Effect of trans-spinal direct current stimulation and robotic support on the neural motor pathways in healthy and SCI subjects.

Spinal Cord Injury (SCI) is usually a severe injury to the pathways of the
central nervous system (CNS) in the spinal cord. Depending on where the injury
occurs, patients are often bound to a wheelchair or left with other impairments
diminishing their quality of life, despite a heavy post injury physical
rehabilitation regime. Trans-spinal direct current stimulation (tsDCS) and
robotic gait therapy are two promising new techniques under investigation for
the treatment of SCI. TsDCS is aiming to alter the response of the neural
pathways the stimulus is applied to. The resulting alteration of neural
activity in the spinal cord is hypothesized to have a positive effect on the
recovery of the damaged spinal cord neurons.
Similarly, robotic gait therapy is hypothesized to have a positive effect on
the cortico-spinal pathways by increasing the task specific intensity and
thereby aiding activity dependent plastic in the CNS.

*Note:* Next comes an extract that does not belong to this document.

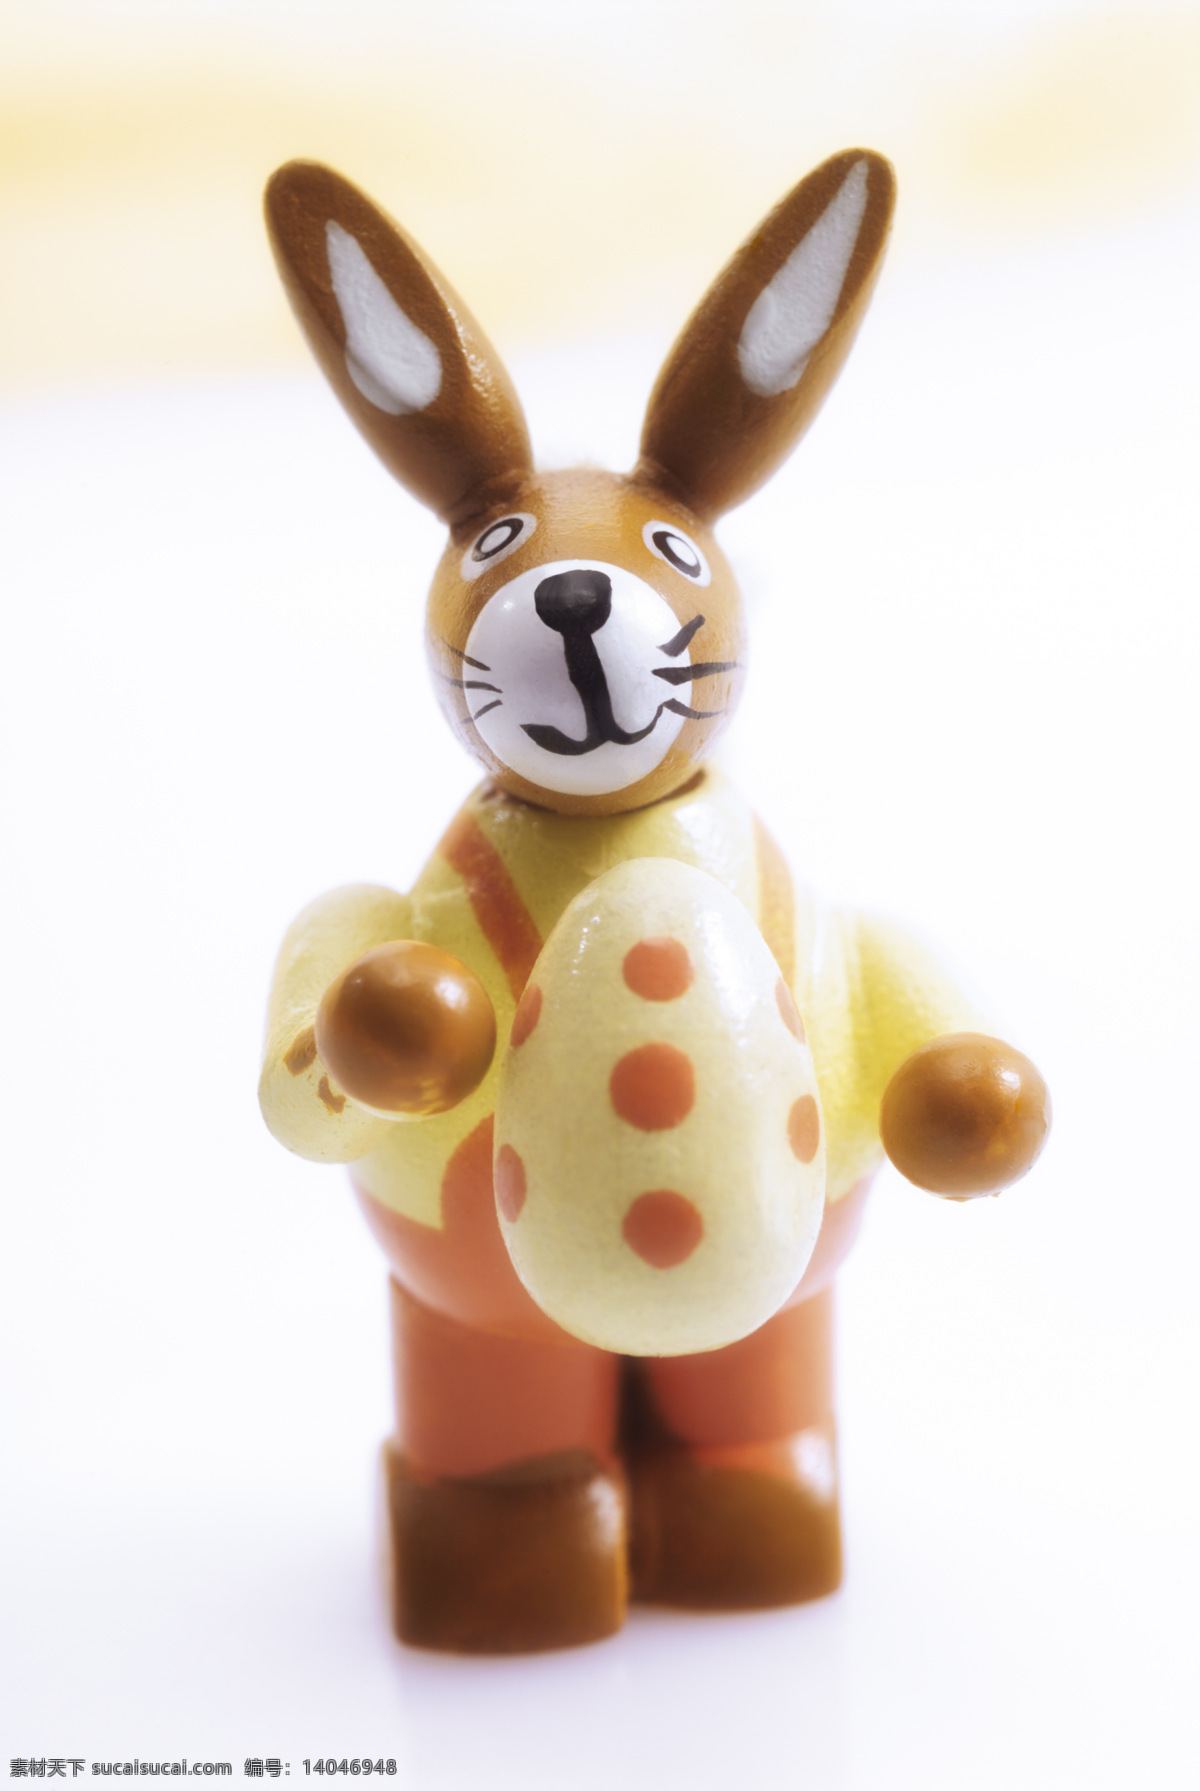 摆件 彩蛋 动物 可爱 生活百科 兔子 玩具 兔 小动物 娱乐休闲 玩具兔 psd源文件
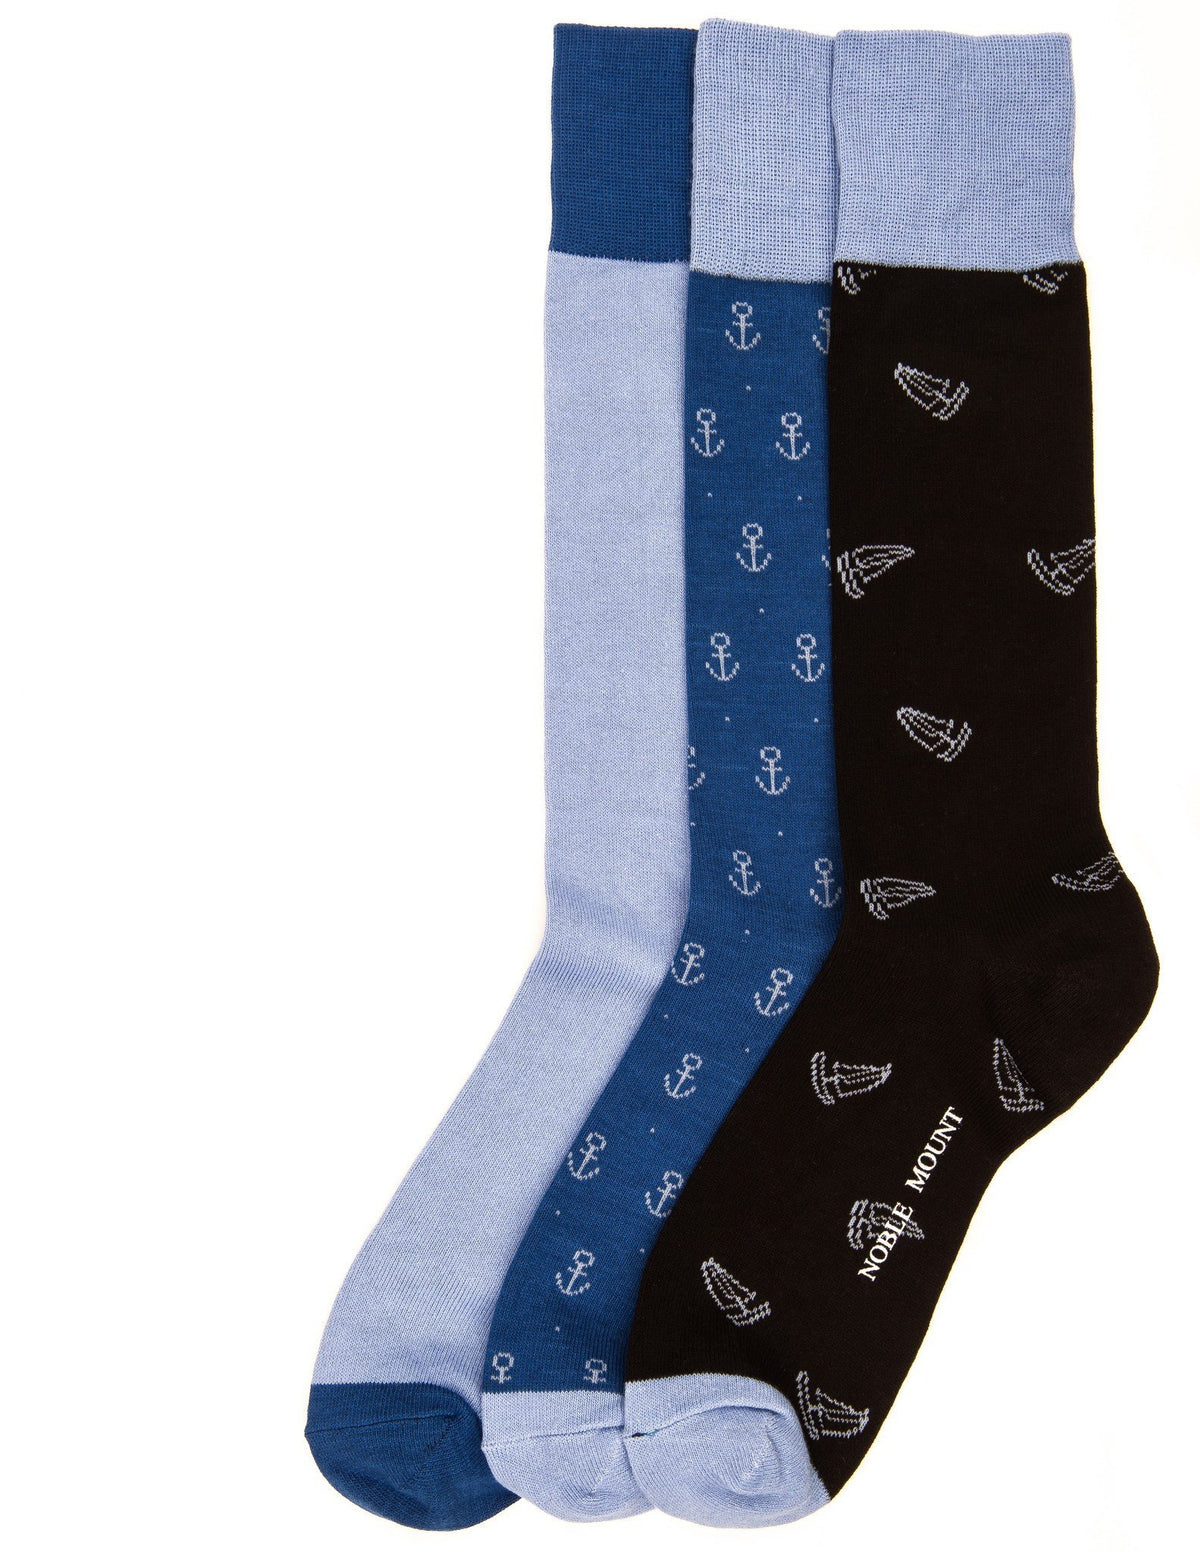 Men's Combed Cotton Dress Socks 3-Pack - Set A14

The primary objective is to assess the neural short term changes, robotic gait
therapy and tsDCS have on the corticospinal pathways. Thereby it has to be
investigated in what kind of configuration and intensity tsDCS is most
effective as well as what kind of control scheme is most effective when using
more or less walking assistance during robotic walking assistance with the
LOPES II exoskeleton.

The overall goal is to perform all studies as randomized double blind
controlled trials.

For each experiment in this study, subjects will receive either tsDCS or
robotic therapy as an intervention. Possible is also a combination of both
techniques.
tsDCS is applied to the lumbar spinal cord for a period of maximum 15 minutes.
Stimulation amplitude may vary from zero to five milliamperes, with variable
electrode configurations on the back of the subject by using up to five
individual electrodes over which the applied current is divided.
Robotic therapy is applied using the LOPES exoskeleton. Thereby the subject is
aided in his effort to execute stepping movements on a treadmill.

Both, tsDCS and robotic therapy are non-invasive. tsDCS involves the electrical
stimulation of living tissue and therefore guidelines have to be followed for
the safe use of the technique. Two factors which are vital in this respect are
the overall current input into the tissue as well as the current density. Both
of these factors are limited by current strength and stimulation time. All in
all the application of tsDCS within the established limits can considered to
be safe with a minimum side effects.
During robotics therapy the subject is attached to the LOPES II exoskeleton,
which is able to support the person in his effort to make stepping movements.
The subject is thereby attached to the device via Velcro straps and secured by
a safety harness to prevent falling. During, before and after operation all
measures have been taken which ensures safe operation of the device which is
supported by previous studies the LOPES I has been part of. Additional
information concerning the LOPES II safety can be found in section 6.1. of C1.
In addition to the safety of both interventions alone, the combination of both
interventions is not thought to result into any harmful effects.
Patient benefit is closely related to the duration and effect of the
intervention. Thereby tsDCS produces an effect that may last up to several
hours of the treatment but decline subsequently. In terms of robotic therapy it
is not known to which extend there are longer lasting post treatment effects.
Since it however merely involves an intensified movement training, it is not
likely that any visible lasting abnormal will occur. Out if this reason subject
benefit for both interventions will be unlikely.
In terms of group relatedness, the specific application to SCI the study
depends on the participation of spinal cord injured subjects to a great extent.
It is therefore vital that SCI patients will be able to participate.